The loan officer said the bank would need some security for such a loan. The business man then handed over the keys to a Rolls Royce that was parked on the street in front of the bank. Everything checked out and the loan officer accepted the car as collateral for the loan. An employee then drove the Rolls into the bank's underground garage and parked it there.
Two weeks later the businessman returned, repaid the $5,000 and the interest which came to $15.41. The loan officer said, "We do appreciate your business and this transaction has worked out very nicely, but we are a bit puzzled. While you were away we checked and found that you are a multimillionaire. What puzzles us is why you would bother to borrow $5,000?"
The business man replied: "Where else in New York City can I park my car for 2 weeks for 15 bucks?"
NB: for more information about the right woman i am looking for do not hesitate to visit my profile :+)
So, if you think you that you correspond to what i am looking for and that my profile correspond to what you are looking for : no need to tell you what to do ;+)
wishing everybody joy, succes & to find the right match i send you my best regard's :+)
this jokes have only one purpuse: to try to let you smile or laught to forget your daily stress & wories.
Ces Blagues ne contiennent aucun message subliminal et ne visent directement ou indirectement personne.
ces blagues ont pour seul objectif d'essayer de vous faire rire ou sourire pour oublier votre stress et vos
tracas quotidien.
Do you know this one?
An American:
We have Barack Obama, Stevie Wonder, Bob Hope and Johnny Cash.
An Iranian:
We have Amediblabla, no wonder, no hope and no cash.
Man & Superman
What is difference between man and Superman?

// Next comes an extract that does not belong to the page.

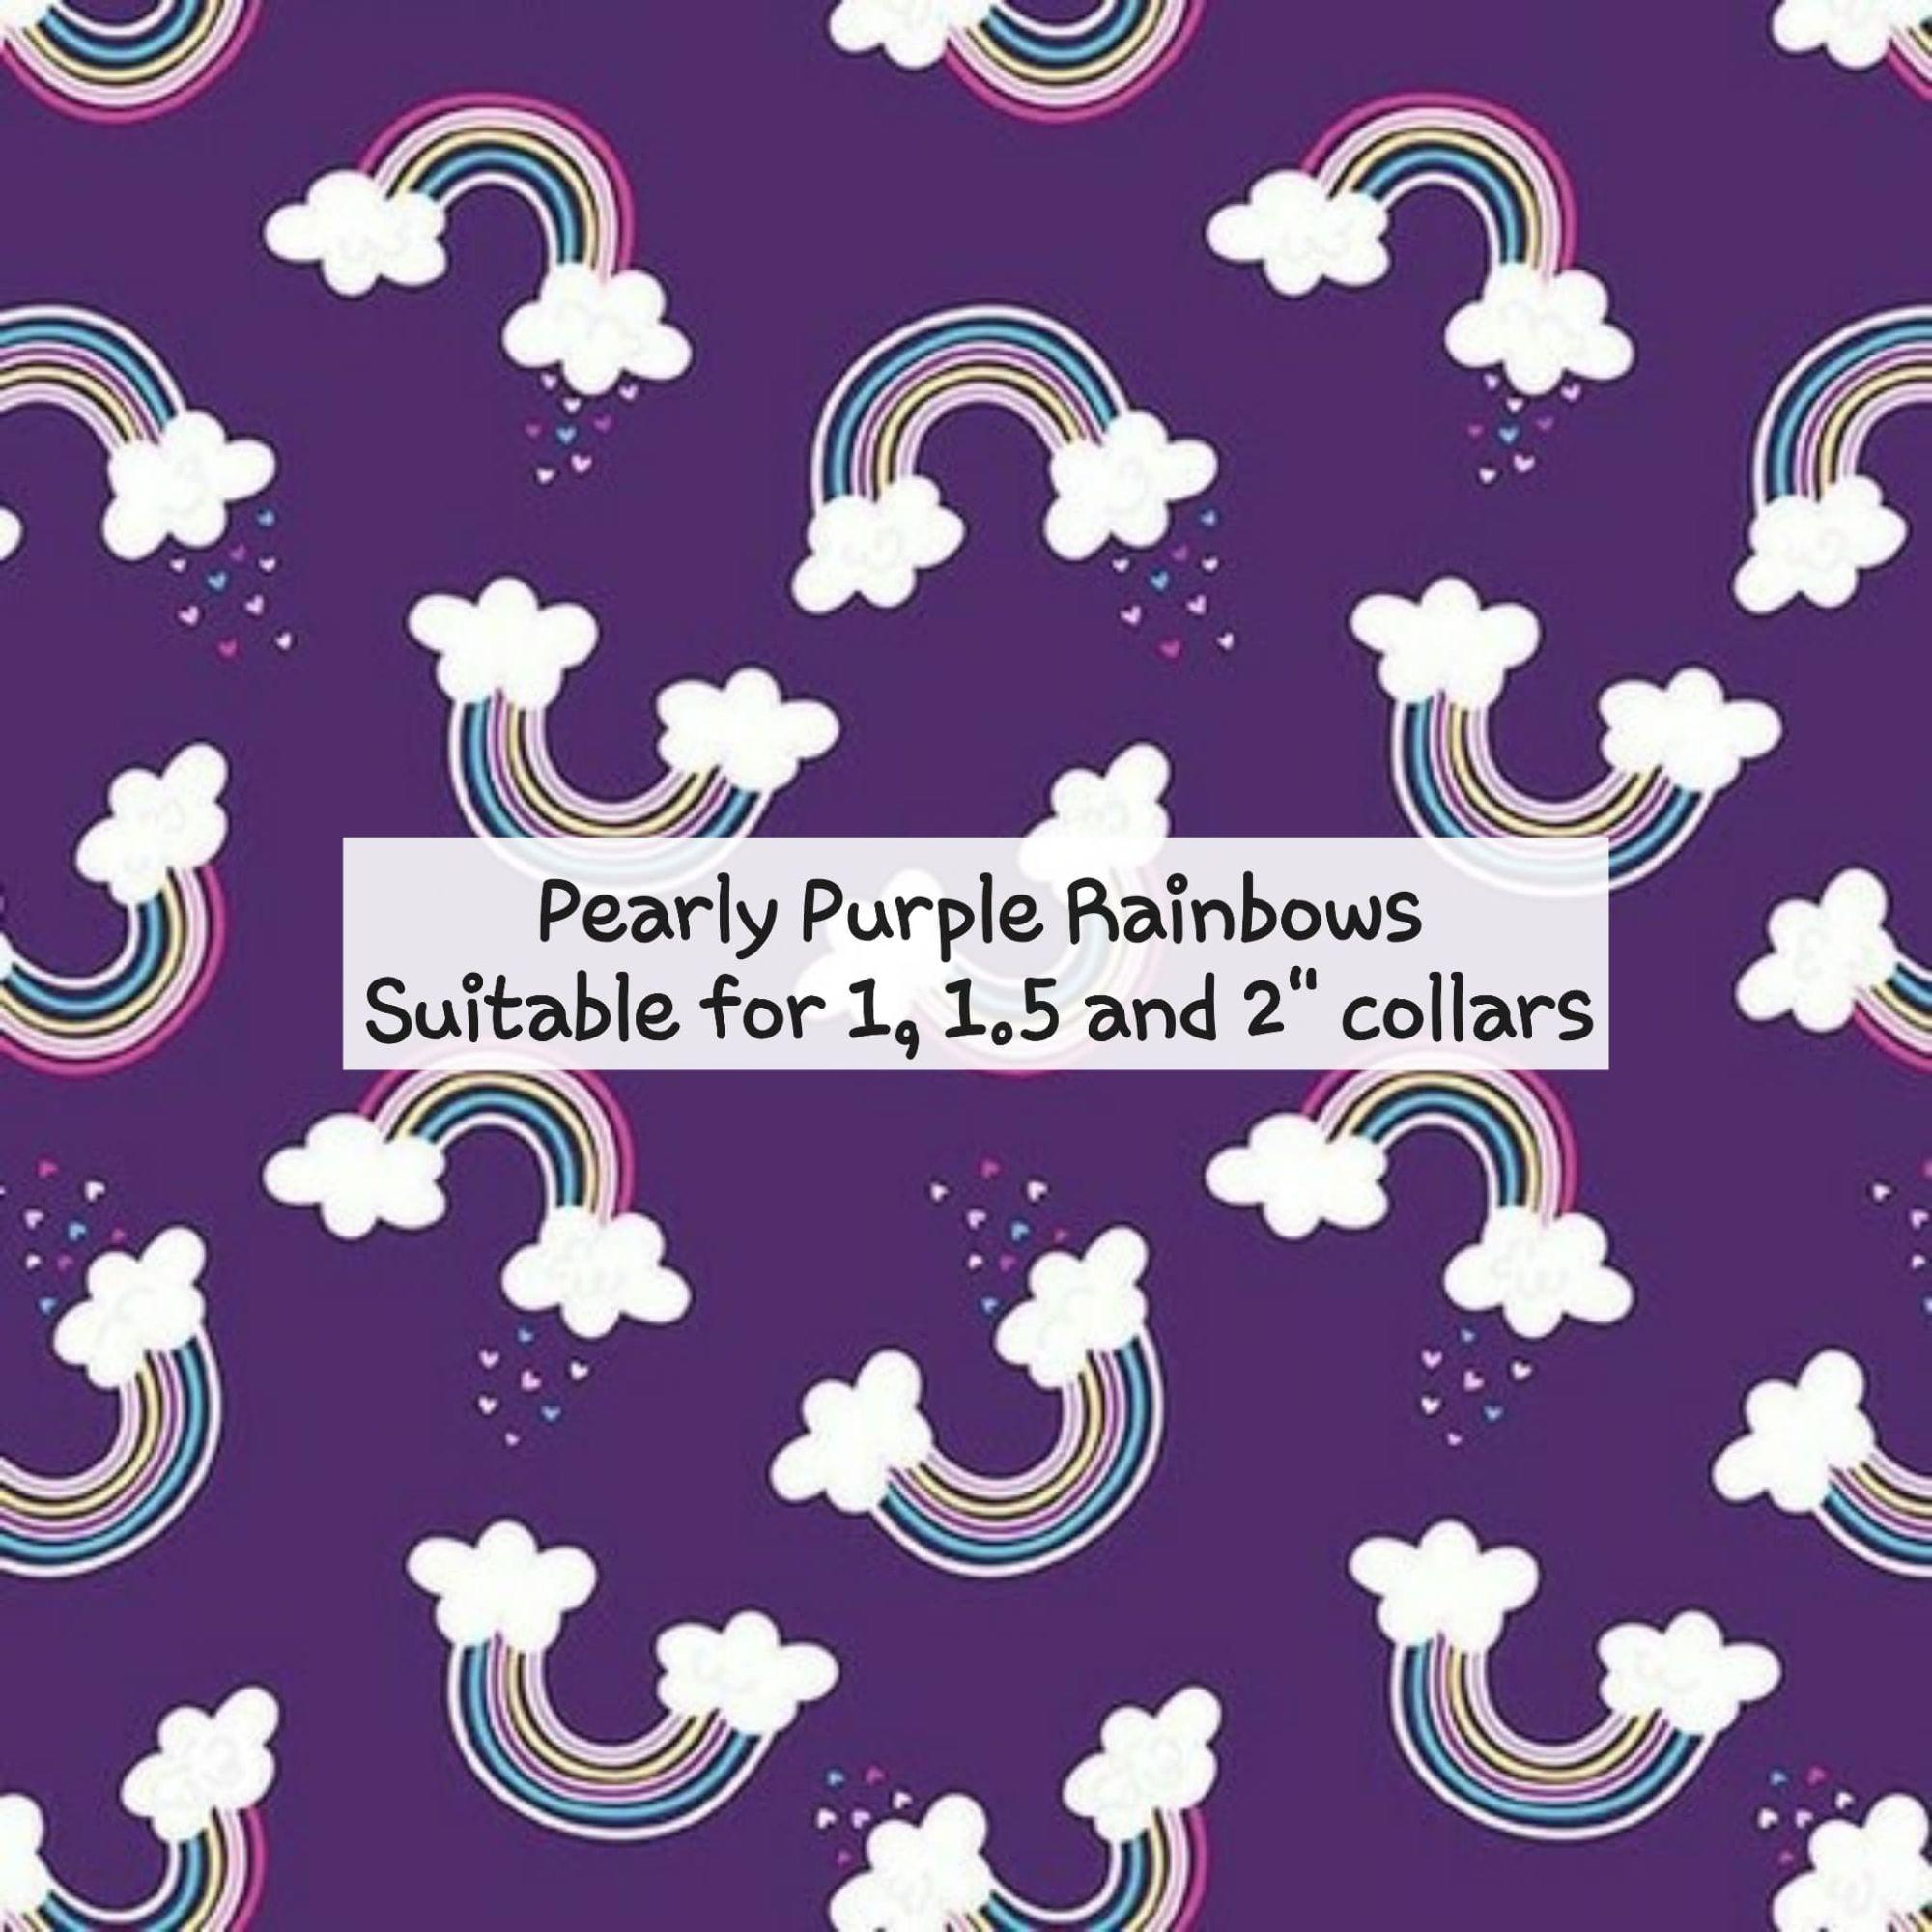 Pearly Purple Rainbows
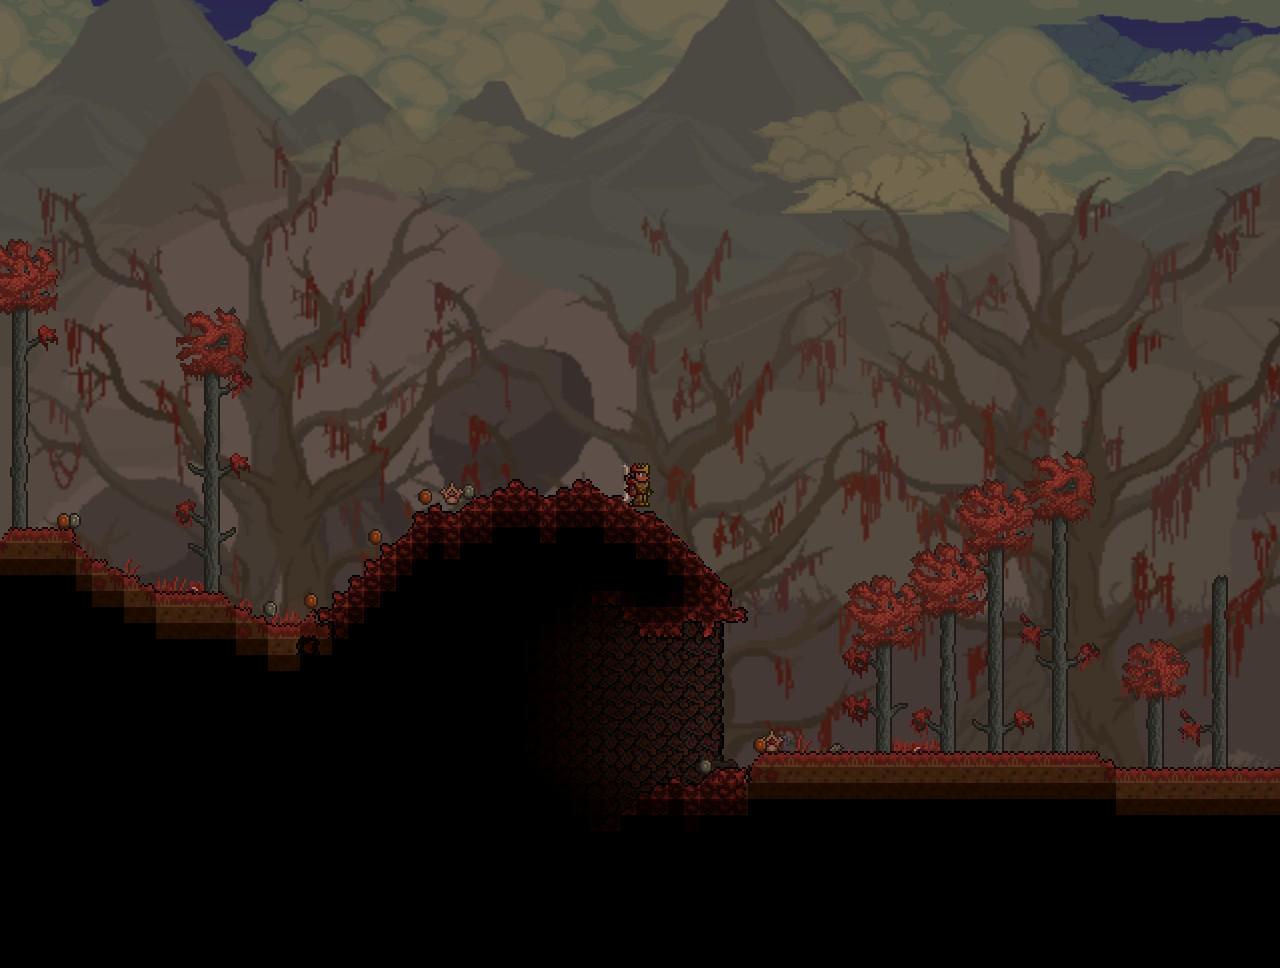 Terraria: The Crimson

Man wears underwear under the trouser and superman wears it over the trouser.
Human Race
A little boy asked her mother, "How did the human race come about?" ??The Mother answered, "God made Adam and Eve; they had children and, so all mankind was made." ??A few days later, the little boy asked her father the same question. The father answered, "Many years ago there were monkeys, and we developed from them." ??The confused boy returns to her mother and says, "Mom, how is it possible that you told me that the human race was created by God , and Papa says we developed from monkeys?" ??The Mother answers, "Well, it is very simple. I told you about the origin of my side of the family, and your father told you about his side."
New Face 1
A married couple was in a terrible accident where the man's face was severely burned. The doctor told the wife that they couldn't graft any skin from her body because she was too skinny. So the wife offered to donate some of his own skin. ??However, the only skin on his body that the doctor felt was suitable would have to come from buttocks. The husband and wife agreed that they would tell no one about where the skin came from, and requested that the doctor also honor their secret. After all, this was a very delicate matter. ??After the surgery was completed, everyone was astounded at the man's new beauty. She looked more beautiful than she ever had before! All her friends and relatives just went on and on about her youthful beauty! ??Later, he was alone with his wife, and he was overcome with emotion at his sacrifice. he said, "Darling, I just want to thank you for everything you did for me. There is no way I could ever repay you." ??"My Dear," she replied, "I get all the thanks I need every time I see your mother & your friends kissing you on the cheek."
New Face 2
A married couple was in a terrible accident where the woman's face was severely burned. The doctor told the husband that they couldn't graft any skin from her body because she was too skinny. So the husband offered to donate some of his own skin. ??However, the only skin on his body that the doctor felt was suitable would have to come from his buttocks. The husband and wife agreed that they would tell no one about where the skin came from, and requested that the doctor also honor their secret. After all, this was a very delicate matter. ??After the surgery was completed, everyone was astounded at the woman's new beauty. She looked more beautiful than she ever had before! All her friends and relatives just went on and on about her youthful beauty! ??One day, she was alone with her husband, and she was overcome with emotion at his sacrifice. She said, "Dear, I just want to thank you for everything you did for me. There is no way I could ever repay you." ??"My darling," he replied, "I get all the thanks I need every time I see your mother & friends kissing you on the cheek."
Pig & Pigs
One day the first grade teacher was reading the story of the Three Little Pigs to her class. She came to the part of the story where the first pig was trying to accumulate the building materials for his home. She read, "...And so the pig went up to the man with the wheelbarrow full of straw and said, 'Pardon me sir, but may I have some of that straw to build my house?'"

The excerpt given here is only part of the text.